In Re Pitre

508 N.W.2d 140 | Mich. Ct. App. | 1993

202 Mich. App. 241 (1993)
508 N.W.2d 140

In re PITRE

Docket No. 137372.

Michigan Court of Appeals.

Submitted March 2, 1993, at Lansing.
Decided July 22, 1993.
Approved for publication October 28, 1993, at 9:05 A.M.

Robert W. Barnes, for the petitioner.

Law Office of D.W. Reid (by Dennis W. Reid), for the respondent.

Before: MICHAEL J. KELLY, P.J., and MARILYN KELLY and CONNOR, JJ.

PER CURIAM.

Petitioner, Elizabeth Pitre, as personal representative of the estate of Francis M. Pitre, deceased, appeals as of right the Sanilac County Probate Court's award of costs and attorney fees to respondent. We affirm.

Several years before he died, decedent established *243 an account[1] with a stockbroker. At the time, decedent decided to make it a joint account with respondent with rights of survivorship, fully aware that this meant the account would become respondent's if the decedent died first. The summer before he died, decedent decided he did not want respondent to get what was in the account. He sent a letter to the stock brokerage barring further transactions on the account, but did not withdraw the funds from the account. Decedent died, and the brokerage transferred the remaining funds to an account solely held by respondent.

Petitioner asked the probate court to order respondent to return the money from the joint account to the estate, as well as furniture respondent had removed from decedent's house while decedent was alive. A jury took less than twenty minutes to reject petitioner's claims. The trial court awarded respondent costs, pursuant to MCL 600.858(2); MSA 27A.858(2), and attorney fees, pursuant to MCR 2.114(E).

Petitioner first argues that the probate court was without power to award respondent attorney fees. Procedure in the probate court is governed by the rules applicable to other civil proceedings. MCR 5.001. Specifically, the provisions of MCR 2.114 apply, MCR 5.114(A)(1), including that rule's sanction provisions, MCR 5.114(B)(2). Therefore, the probate court had the power to award attorney fees pursuant to MCR 2.114.

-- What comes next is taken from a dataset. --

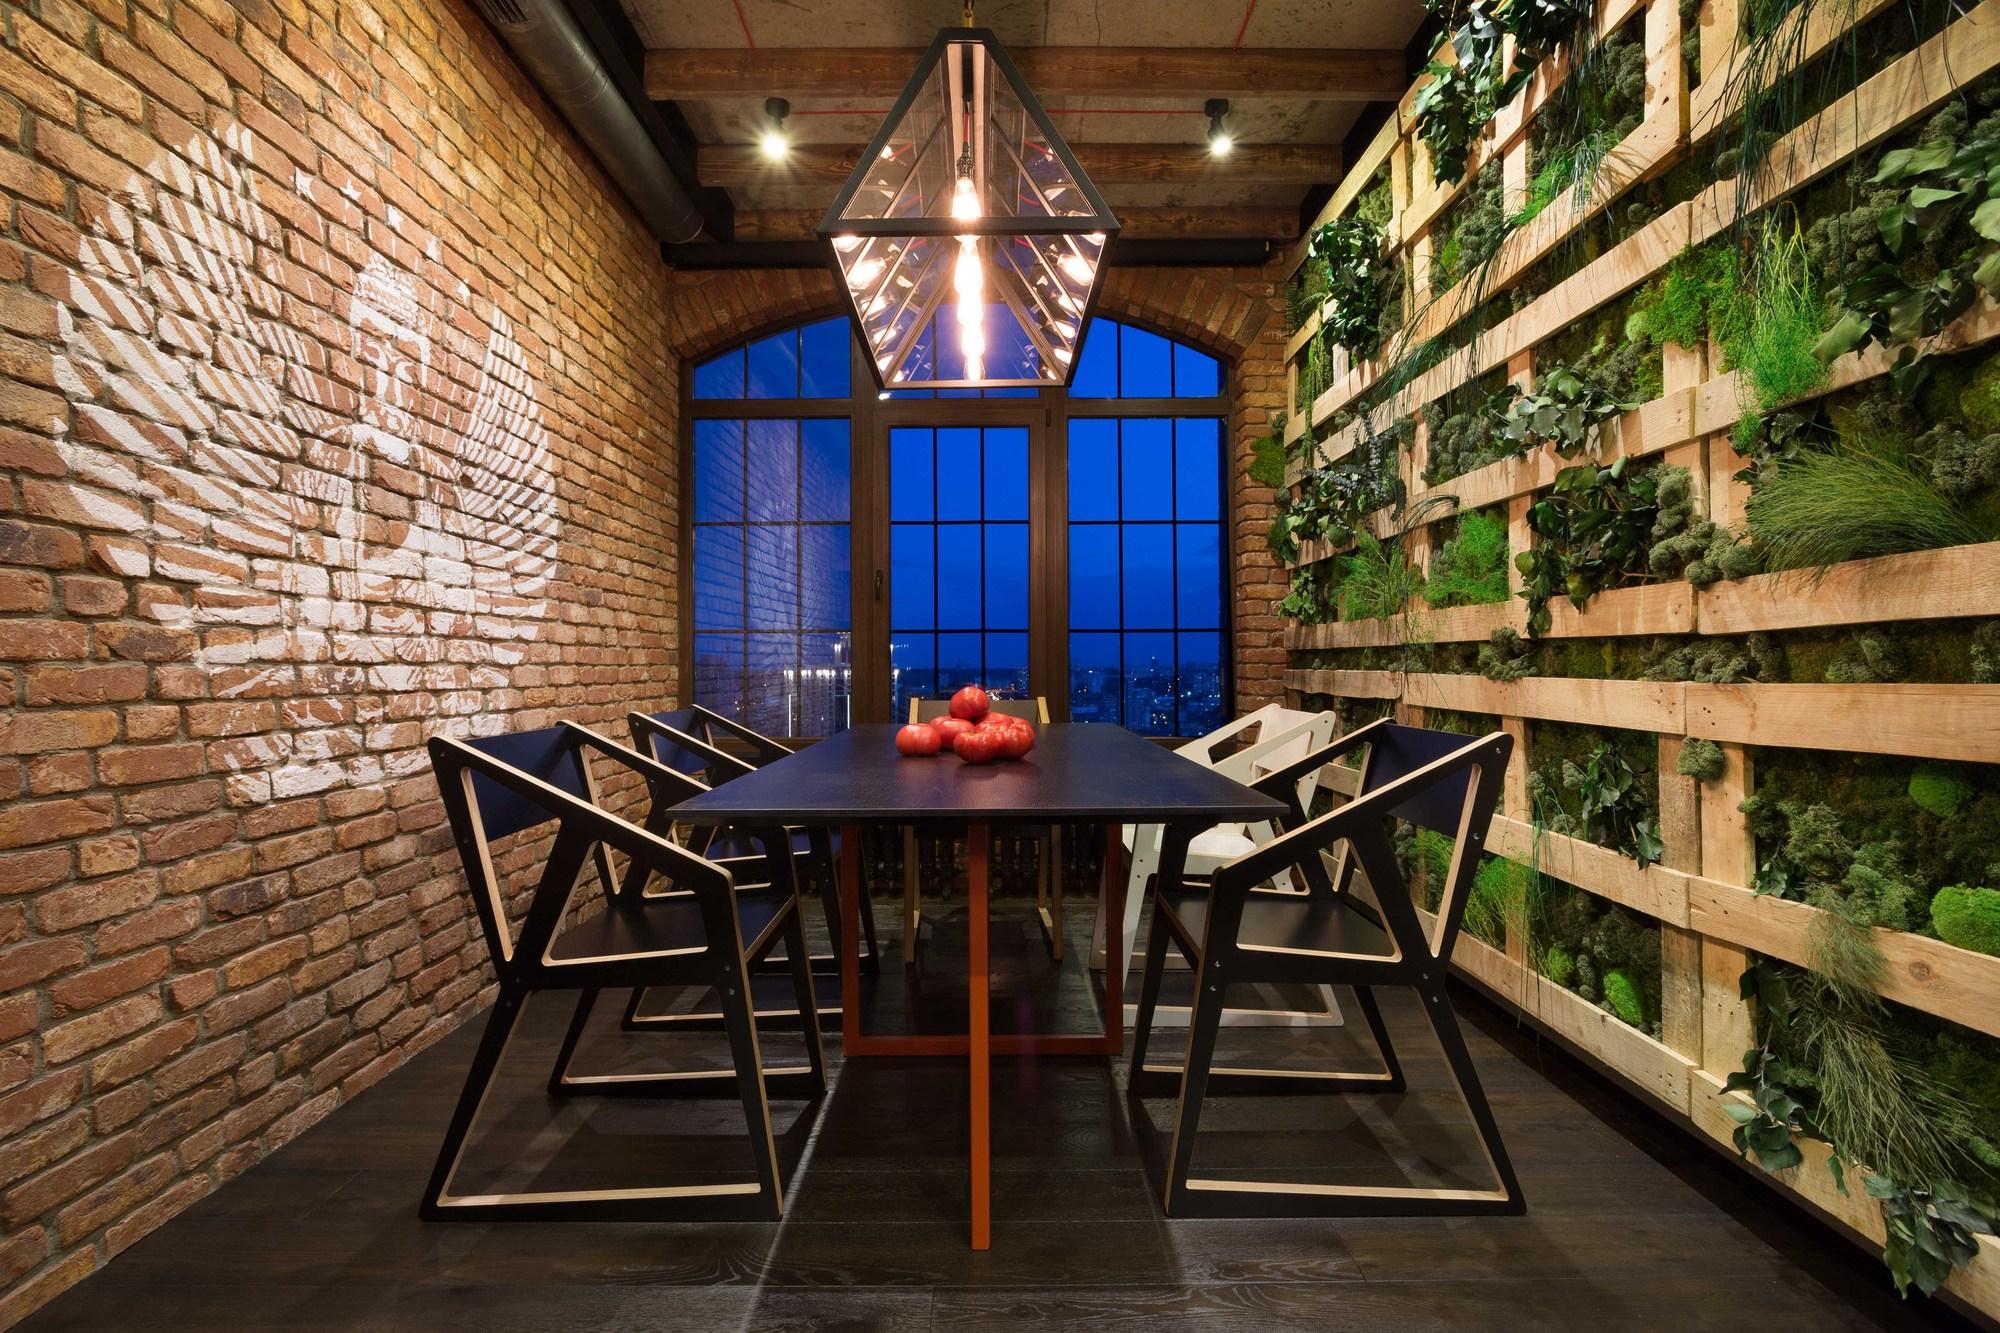 Salle à manger de style loft laconique du groupe de designers MARTIN architects : mur de briques avec végétation opposée, sol noir, mobilier minimaliste, structure lumineuse géométrique
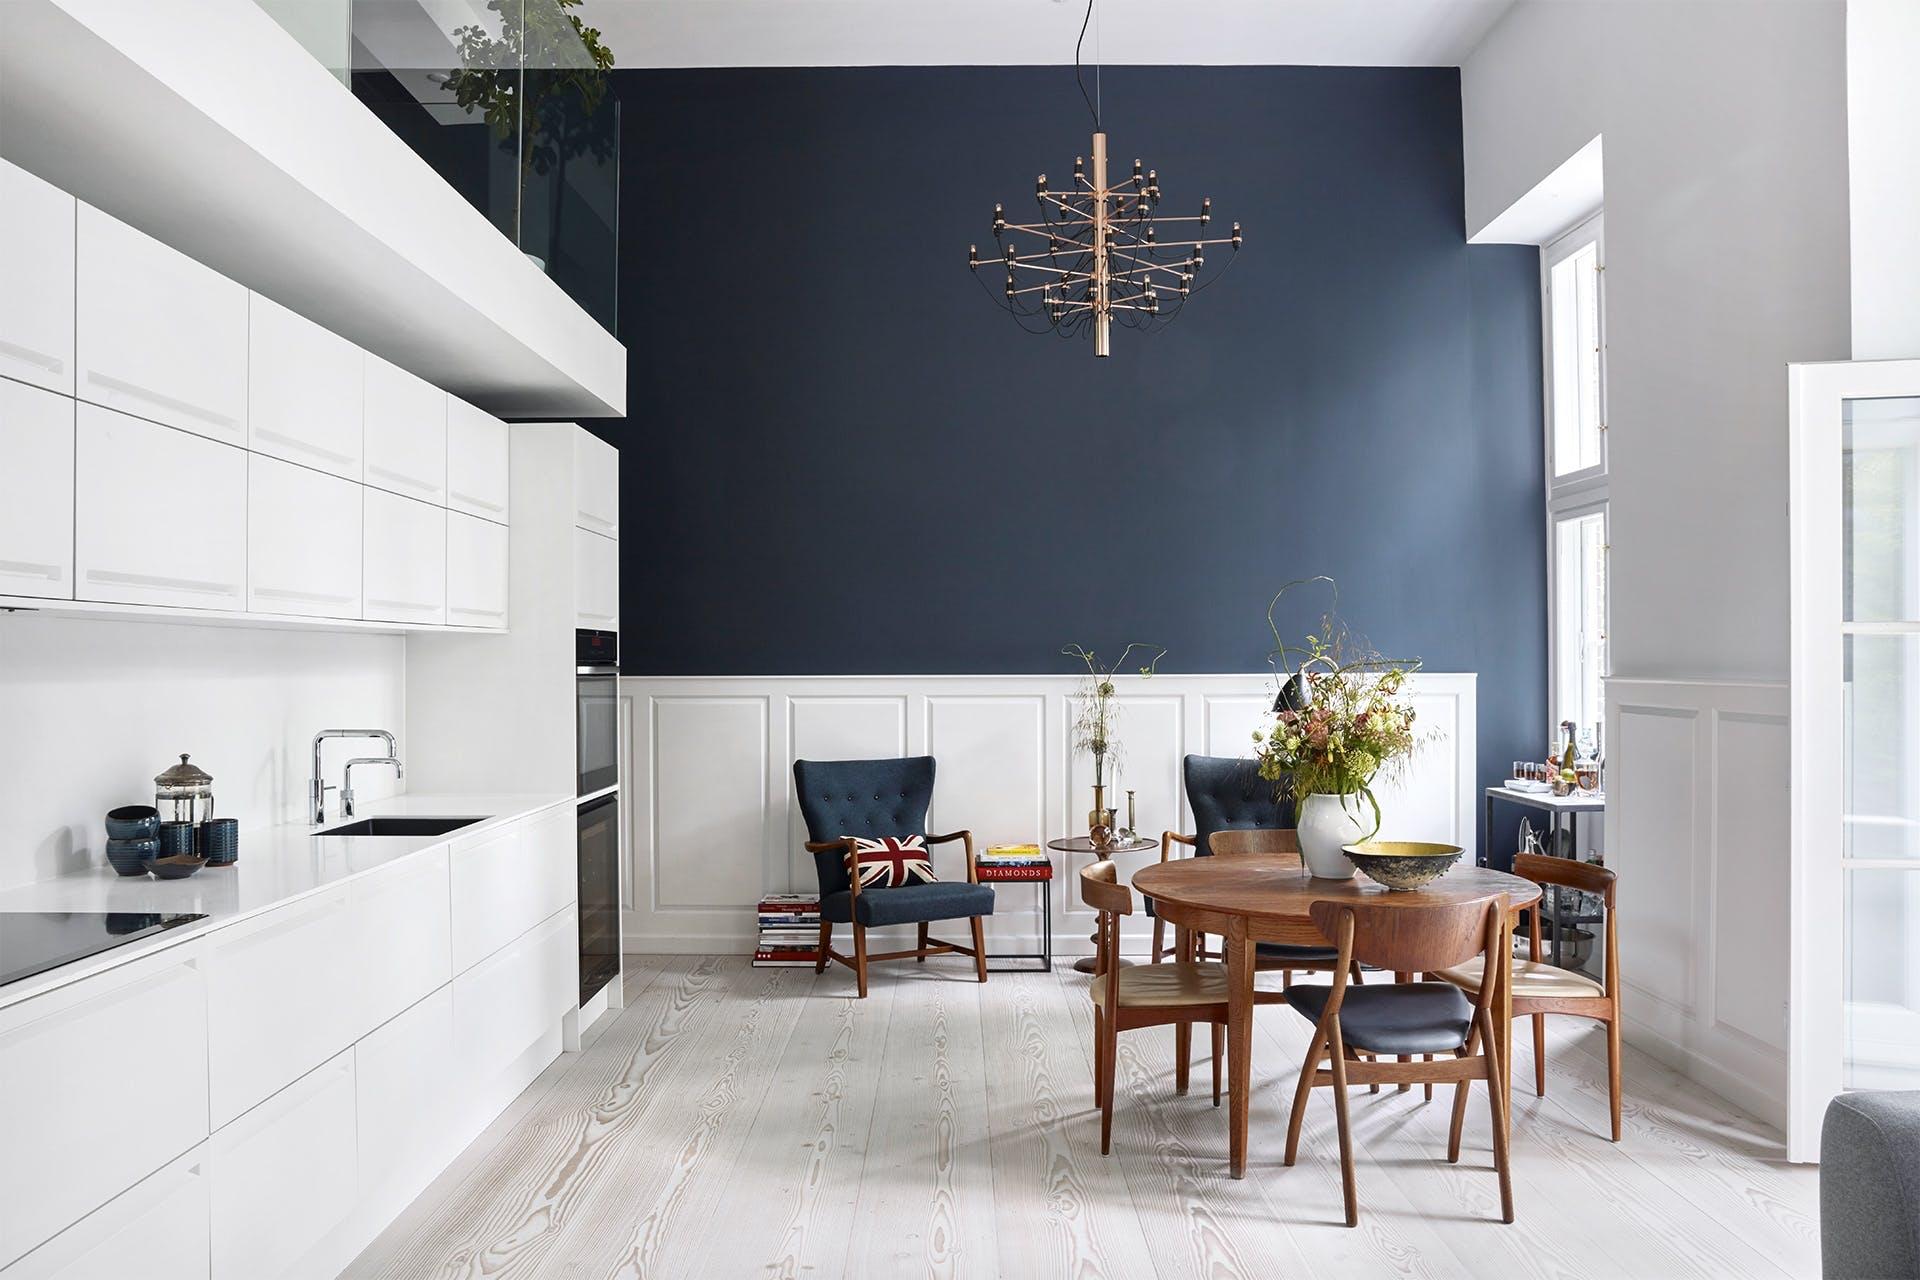 køkken alrum indretning Se en oase af et køkken – med fine atypiske løsninger | bobedre.dk køkken alrum indretning

Petitioner next contends that the probate court erred in awarding attorney fees under MCR 2.114(E). A signature on a pleading is certification that the signer has read the pleading and, to the best of the signer's knowledge, information, or *244 belief after reasonable inquiry, the pleading is well grounded in fact. MCR 2.114(D). Filing a signed pleading that is not well grounded in fact subjects the filer to sanctions, including attorney fees. MCR 2.114(E).

The discovery in this case demonstrated that petitioner's original claim against respondent must have been made without any inquiry into the facts, reasonable or otherwise. It also showed that petitioner's later amendment of the claim, although better grounded in fact, was still not based on existing law or a good-faith argument for modification of existing law. MCR 2.114(D). There was no dispute that decedent intended respondent to have the right of survivorship when he set up the account and deposited his funds. Respondent's property rights to the funds in the account are determined by the intent of the depositor at the time of the deposit. See MCL 487.703; MSA 23.303. No later change of heart on decedent's part could have divested respondent of his right of survivorship, unless that change of heart was accompanied by withdrawal of the funds from the account. Because decedent did not withdraw the funds, petitioner's claim was totally without merit.[2] The award of attorney fees under MCR 2.114(E) was justified.

Finally, petitioner challenges the trial court's award of costs pursuant to MCL 600.858(2); MSA 27A.858(2). The probate court did not abuse its discretion in awarding costs. Even if costs had not been provided for by statute, the award would still have been appropriate pursuant to MCR 2.114(E), as reasonable expenses incurred.

Affirmed.

NOTES

[1] The actual nature of this account is not clear from the record. Because the parties seem to have treated the account as a bank account, so do we.

[2] The record also does not show that petitioner ever had any factual support for the claim that there was anything wrong with respondent's removal of furniture from decedent's home.